Concerning the authors
Allison Quinn is a Sr. ANZ Analytics Specialist Options Architect for Knowledge and AI based mostly in Melbourne, Australia working carefully with Monetary Service prospects within the area. Allison labored over 15 years with SAP merchandise earlier than concentrating her Analytics technical specialty on AWS native companies. She’s very keen about all issues information, and democratizing in order that prospects of every type can drive enterprise profit.
Pavol is an Innovation Answer Architect at AWS, specializing in SAP cloud adoption throughout EMEA. With over 20 years of expertise, he helps world prospects migrate and optimize SAP techniques on AWS. Pavol develops tailor-made methods to transition SAP environments to the cloud, leveraging AWS’s agility, resiliency, and efficiency. He assists shoppers in modernizing their SAP landscapes utilizing AWS’s AI/ML, information analytics, and utility companies to boost intelligence, automation, and efficiency.

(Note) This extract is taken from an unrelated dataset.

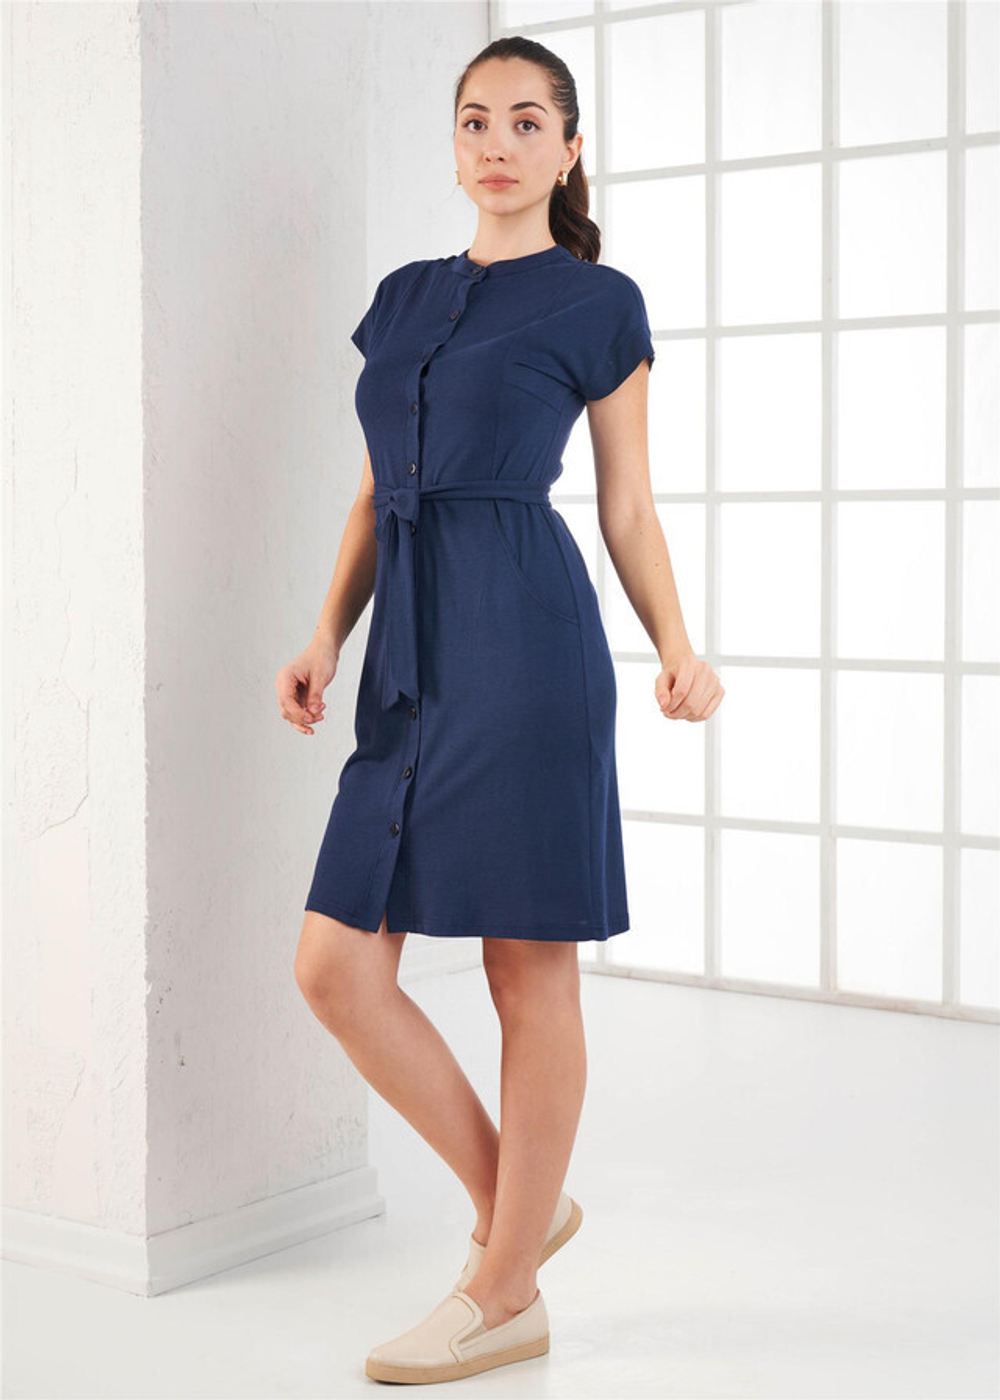 RELAX MODE / Платье женское летнее повседневное на пуговицах с поясом - 45522

Partha Pratim Sanyal is a Software program Growth Engineer with AWS Glue in Vancouver, Canada, specializing in Knowledge Integration, Analytics, and Connectivity. With in depth backend growth experience, he’s devoted to crafting impactful, customer-centric options. His work focuses on constructing options that empower customers to effortlessly analyze and perceive their information. Partha’s dedication to addressing complicated consumer wants drives him to create intuitive and value-driven experiences that elevate information accessibility and insights for purchasers.
Diego is an skilled Enterprise Options Architect with over 20 years’ expertise throughout SAP applied sciences, specializing in SAP innovation and information and analytics. He has labored each as companion and as a buyer, giving him a whole perspective on what it takes to promote, implement, and run techniques and organizations. He’s keen about expertise and innovation, specializing in buyer outcomes and delivering enterprise worth.
Luis Alberto Herrera Gomez is a Software program Growth Engineer with AWS Glue in Vancouver, specializing in backend engineering, microservices, and cloud computing. With 7-8 years of expertise, together with roles as a backend and full-stack developer for a number of startups earlier than becoming a member of Amazon and AWS; Luis focuses on creating scalable and environment friendly cloud-based functions. His experience in AWS applied sciences permits him to design high-performance techniques that deal with complicated information processing duties. Luis is keen about leveraging cloud computing to fixing difficult enterprise issues.